- Presented by: Natalija Bratkovič
- No. of days: 70
- No. of castaways: 18
- Winner: Milena Žižek
- Runner-up: Maja Alič
- Location: Mala Polana, Slovenia

Release
- Original network: Pop TV
- Original release: September 11 – December 22, 2017

Season chronology
- ← Previous Kmetija 2016 Next → Kmetija 2018

= Kmetija 2017 =

Kmetija 2017 is the eighth season of the Slovenian reality television series Kmetija.
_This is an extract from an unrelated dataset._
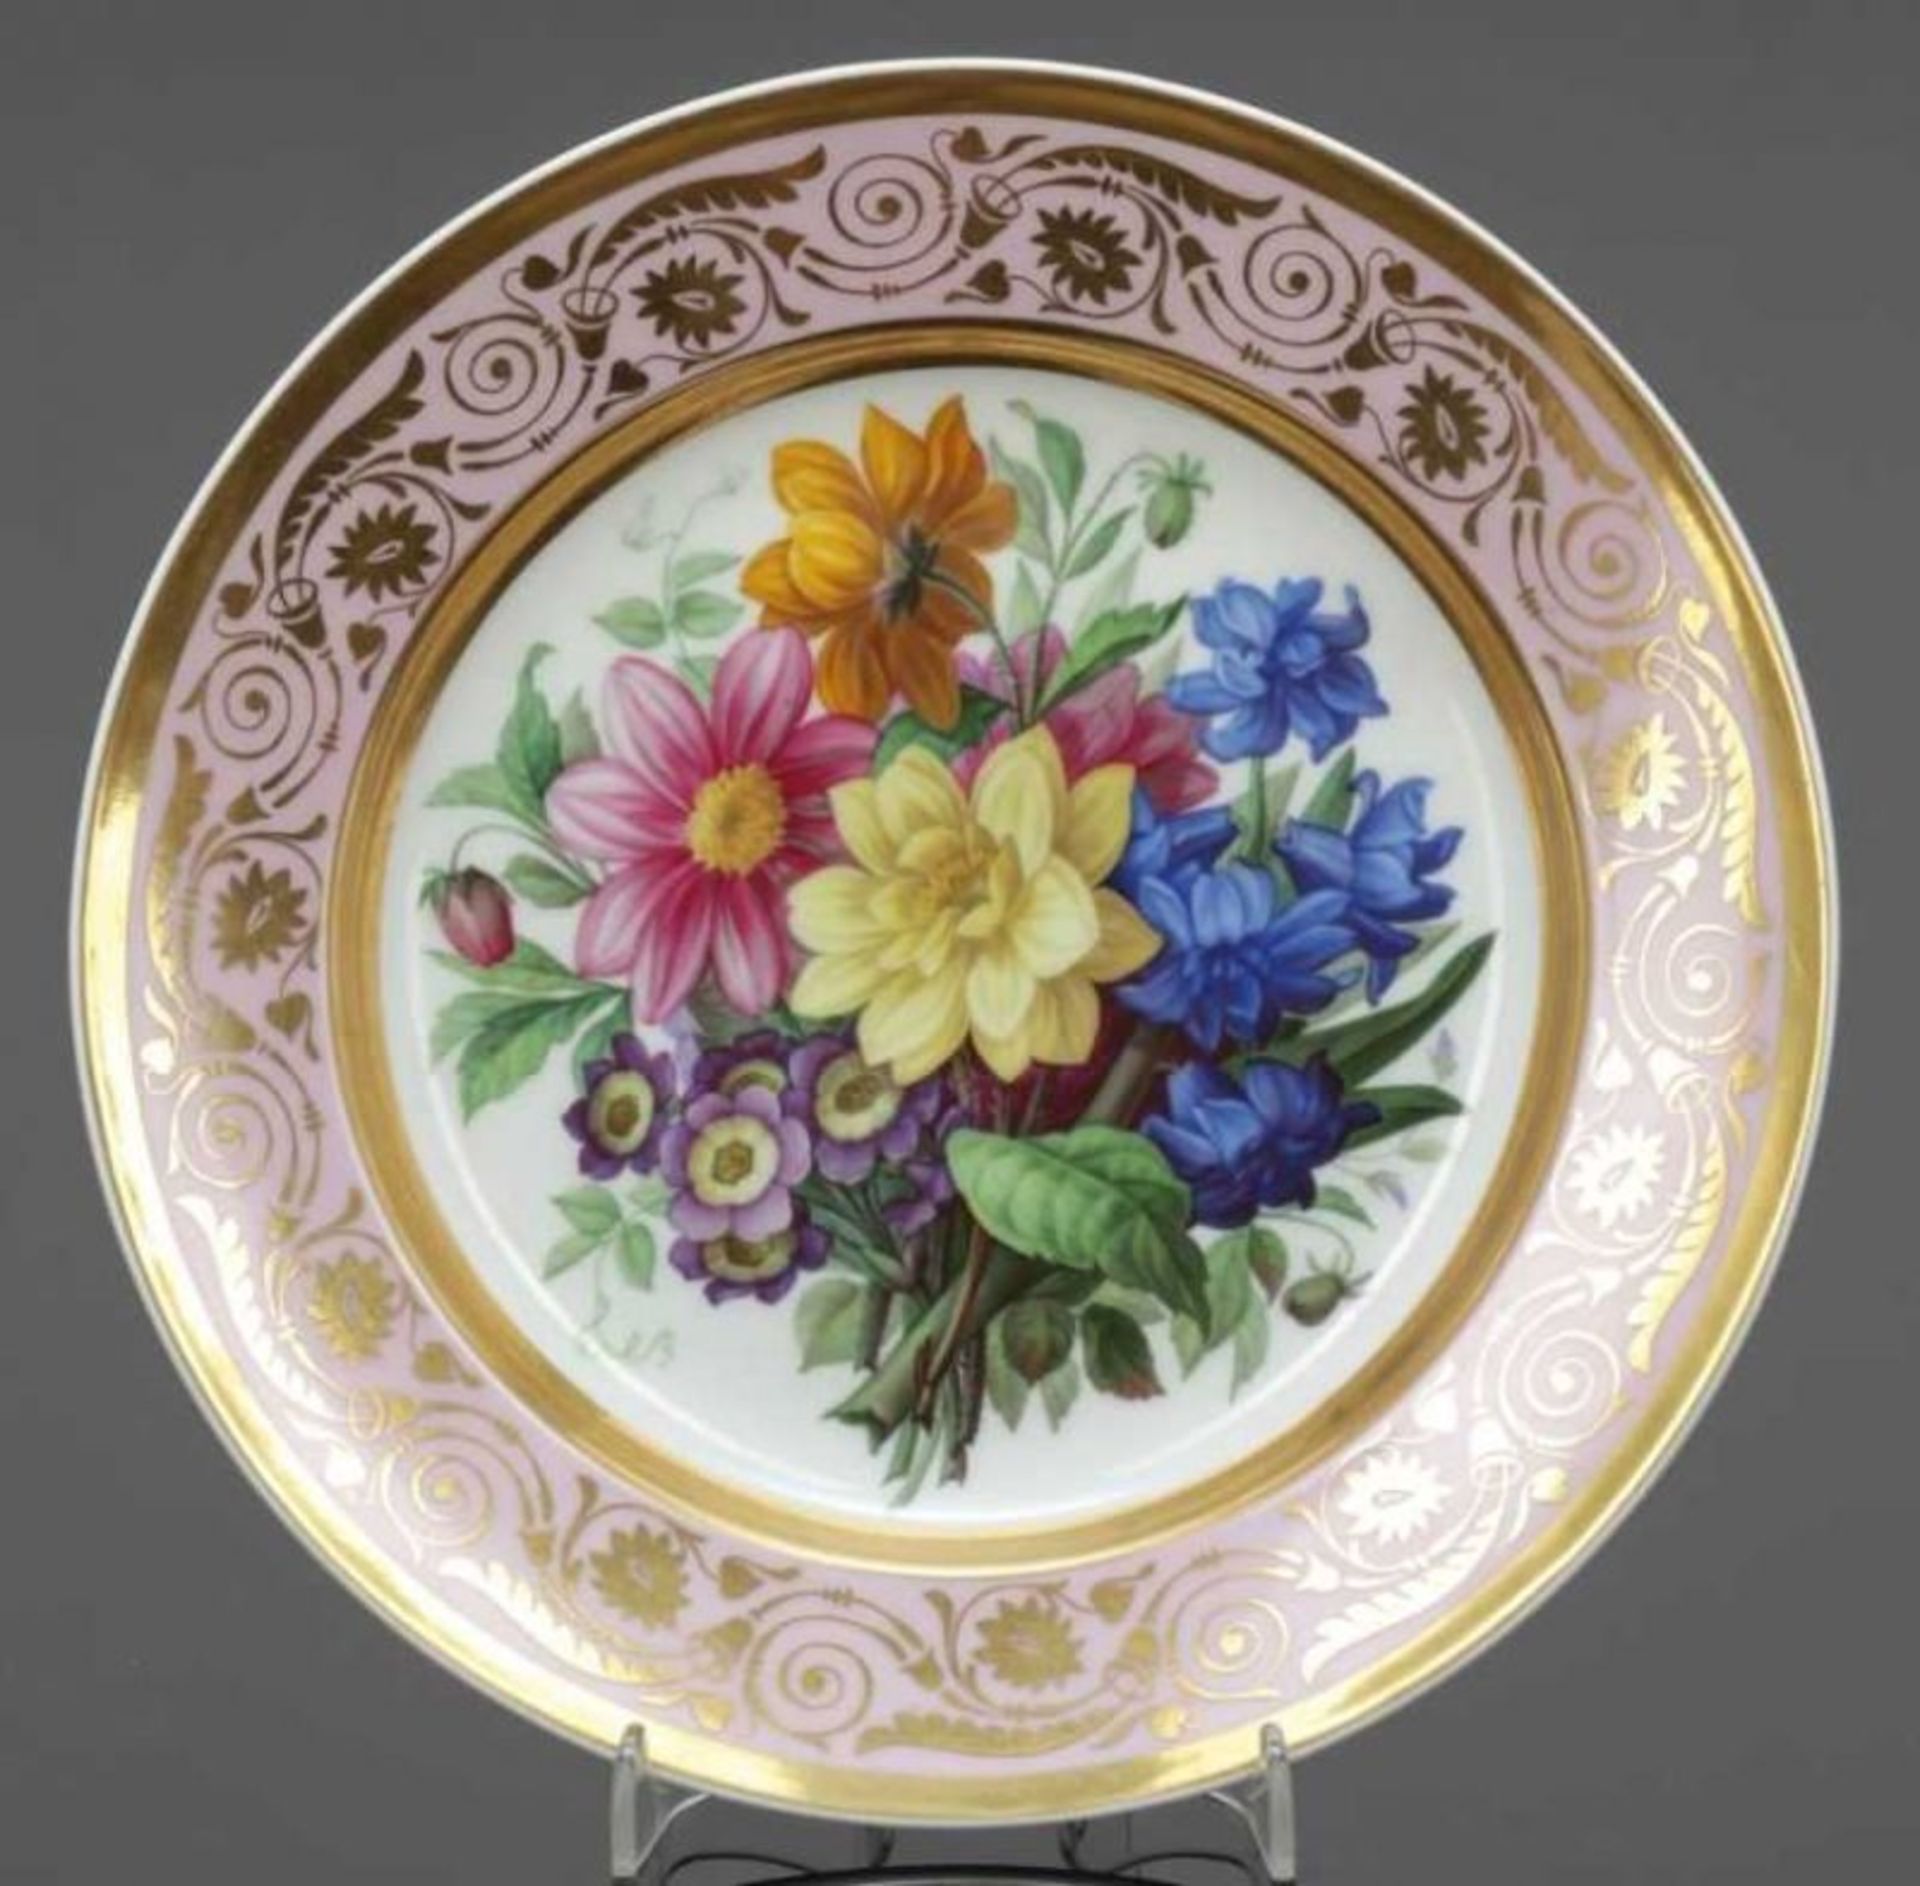 Teller mit Blumenmalerei Königliche Porzellanmanufaktur (KPM), Berlin 1837-1844. - Chamoisfarbenes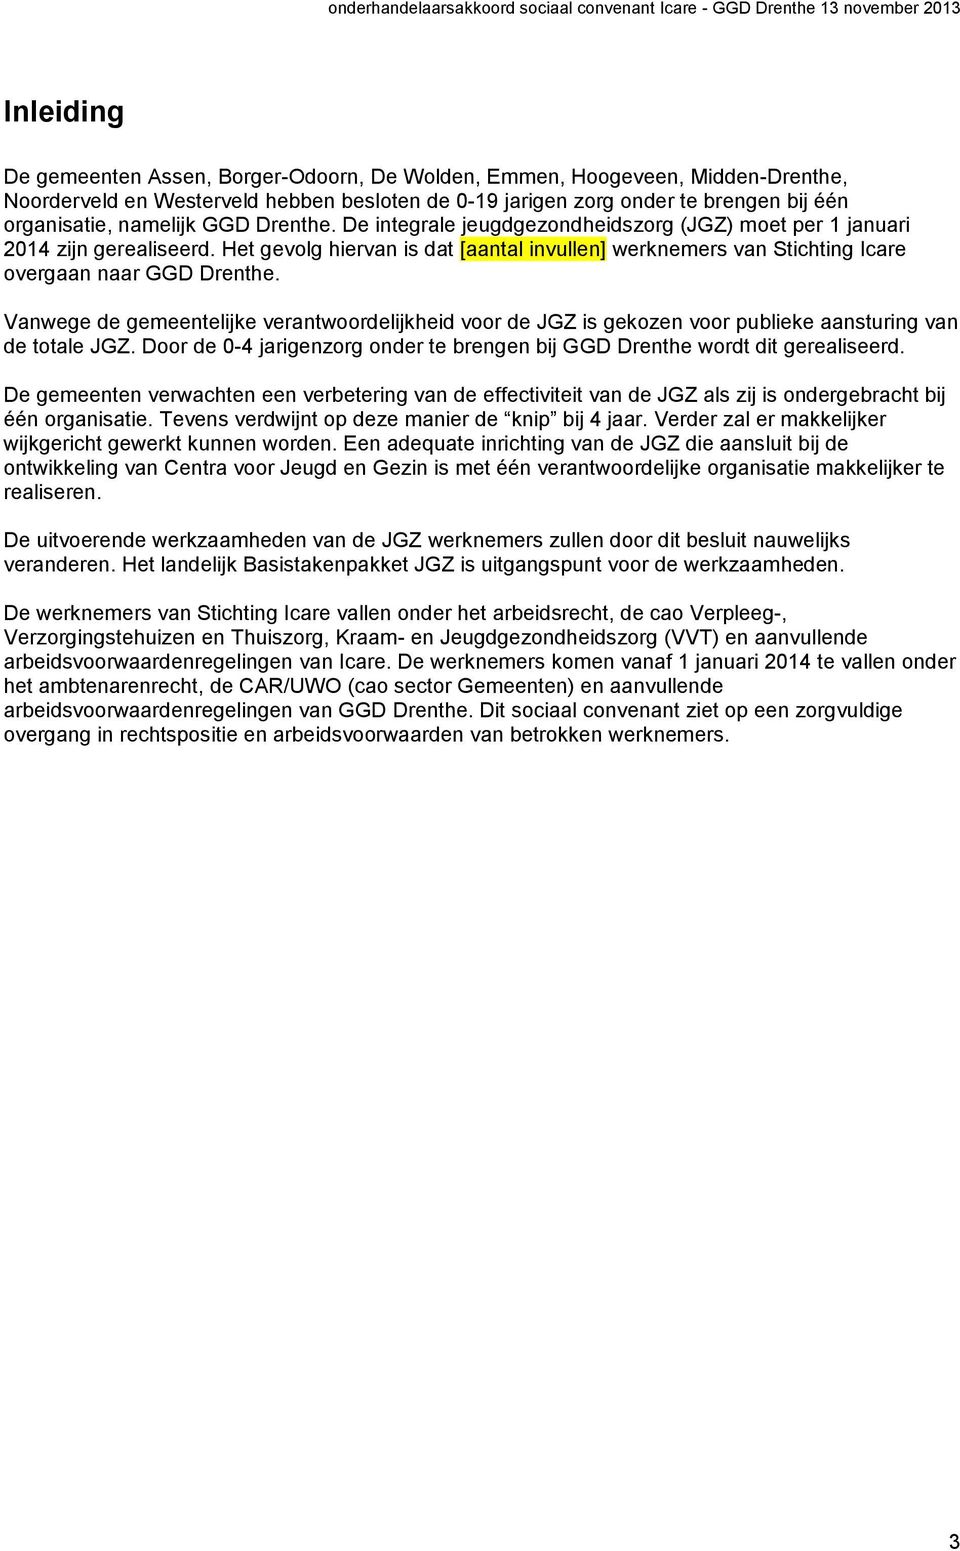 Vanwege de gemeentelijke verantwoordelijkheid voor de JGZ is gekozen voor publieke aansturing van de totale JGZ. Door de 0-4 jarigenzorg onder te brengen bij GGD Drenthe wordt dit gerealiseerd.

This is the first season since Kmetija 2011 to air on Pop TV after three seasons aired on Planet TV. The show is hosted for the first time by Natalija Bratkovič, where she has eighteen Slovenes from all over Slovenia come to the farm to compete for €75,000 and the title of Kmetija 2017. The season premiered on 11 September 2017 and concluded on 22 December 2017 where Milena Žižek won in the final duel against Maja Alič to claim the €60,000 prize after the prize dropped due to failure in some tasks, in addition to being named the winner of Kmetija 2017.

==Contestants==
Amongst the contestants are father Damijan Gjerkeš and his daughter Deja Gjerkeš.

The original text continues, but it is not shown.